Metadata-Version: 2.1
Name: ftmq
Version: 0.1.4
Summary: followthemoney query dsl and io helpers
Home-page: https://github.com/investigativedata/ftmq
License: MIT
Author: Simon Wörpel
Author-email: simon.woerpel@pm.me
Requires-Python: >=3.10,<3.13
Classifier: Intended Audience :: Developers
Classifier: License :: OSI Approved :: MIT License
Classifier: Operating System :: OS Independent
Classifier: Programming Language :: Python
Classifier: Programming Language :: Python :: 3
Classifier: Programming Language :: Python :: 3.10
Classifier: Programming Language :: Python :: 3.11
Requires-Dist: PyICU (>=2.11,<3.0)
Requires-Dist: banal (>=1.0.6,<2.0.0)
Requires-Dist: certifi (>=2023.07.22)
Requires-Dist: click (>=8.1.3,<9.0.0)
Requires-Dist: click-default-group (>=1.2.2,<2.0.0)
Requires-Dist: cryptography (>=41.0.2)
Requires-Dist: followthemoney (>=3.4.0,<4.0.0)
Requires-Dist: nomenklatura (<3)
Requires-Dist: orjson (>=3.9.1,<4.0.0)
Requires-Dist: scipy (>=1.10.0)
Requires-Dist: smart-open[all] (==6.3.0)
Project-URL: Bug Tracker, https://github.com/investigativedata/ftmq/issues
Project-URL: Documentation, https://github.com/investigativedata/ftmq
Project-URL: Repository, https://github.com/investigativedata/ftmq
Description-Content-Type: text/markdown

[![ftmq on pypi](https://img.shields.io/pypi/v/ftmq)](https://pypi.org/project/ftmq/) [![Python test and package](https://github.com/investigativedata/ftmq/actions/workflows/python.yml/badge.svg)](https://github.com/investigativedata/ftmq/actions/workflows/python.yml) [![pre-commit](https://img.shields.io/badge/pre--commit-enabled-brightgreen?logo=pre-commit)](https://github.com/pre-commit/pre-commit) [![Coverage Status](https://coveralls.io/repos/github/investigativedata/ftmq/badge.svg?branch=main)](https://coveralls.io/github/investigativedata/ftmq?branch=main) [![MIT License](https://img.shields.io/pypi/l/ftmq)](./LICENSE)

# ftmq

An attempt towards a followthemoney query dsl.

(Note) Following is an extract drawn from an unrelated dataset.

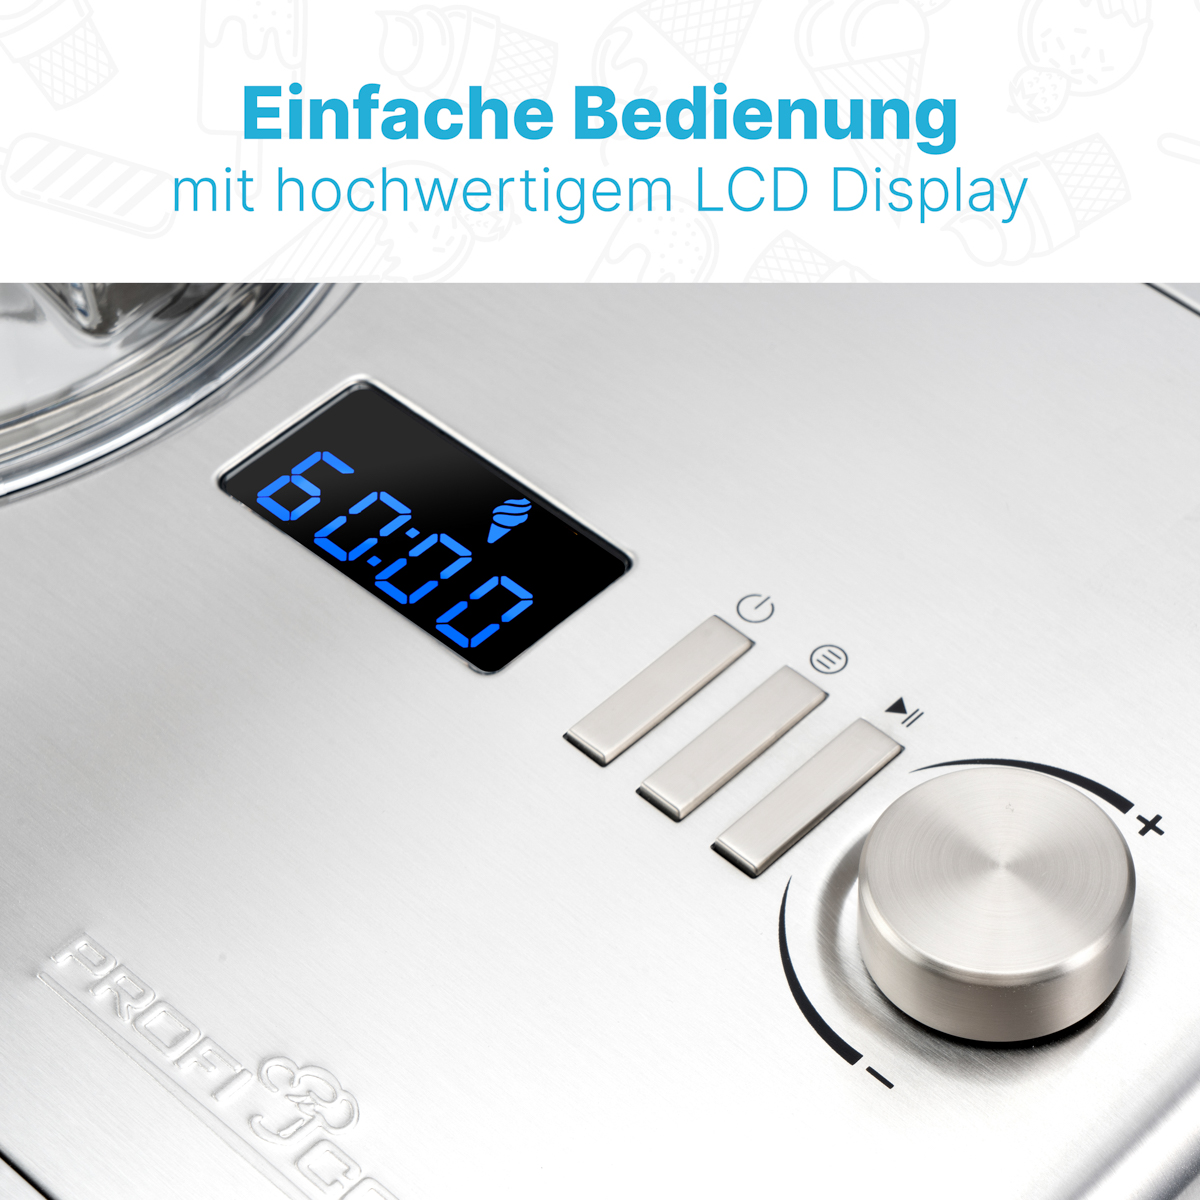 N PROFICOOK ETM Edelstahl) 1091 PC-ICM Eismaschine 08/17 (150 Watt, GUT

This library provides methods to query and filter entities formatted as
[followthemoney](https://github.com/alephdata/followthemoney) data, either from
a json file/stream or using a SQL backend via
[followthemoney-store](https://github.com/alephdata/followthemoney-store)

It also provides a `Query` class that can be used in other libs to work with
SQL queries or api queries.

**Minimum Python version: 3.10**

## Installation

    pip install ftmq

## Usage

`ftmq` accepts either a line-based input stream or an argument with a file uri.
(For integration with `followthemoney-store`, see below)

Input stream:

    cat entities.ftm.json | ftmq <filter expression> > output.ftm.json

URI argument:

Under the hood, `ftmq` uses
[smart_open](https://github.com/RaRe-Technologies/smart_open) to be able to
interpret arbitrary file uris as argument `-i`:

    ftmq <filter expression> -i ~/Data/entities.ftm.json
    ftmq <filter expression> -i https://example.org/data.json.gz
    ftmq <filter expression> -i s3://data-bucket/entities.ftm.json
    ftmq <filter expression> -i webhdfs://host:port/path/file

[...and so on](https://github.com/RaRe-Technologies/smart_open#how)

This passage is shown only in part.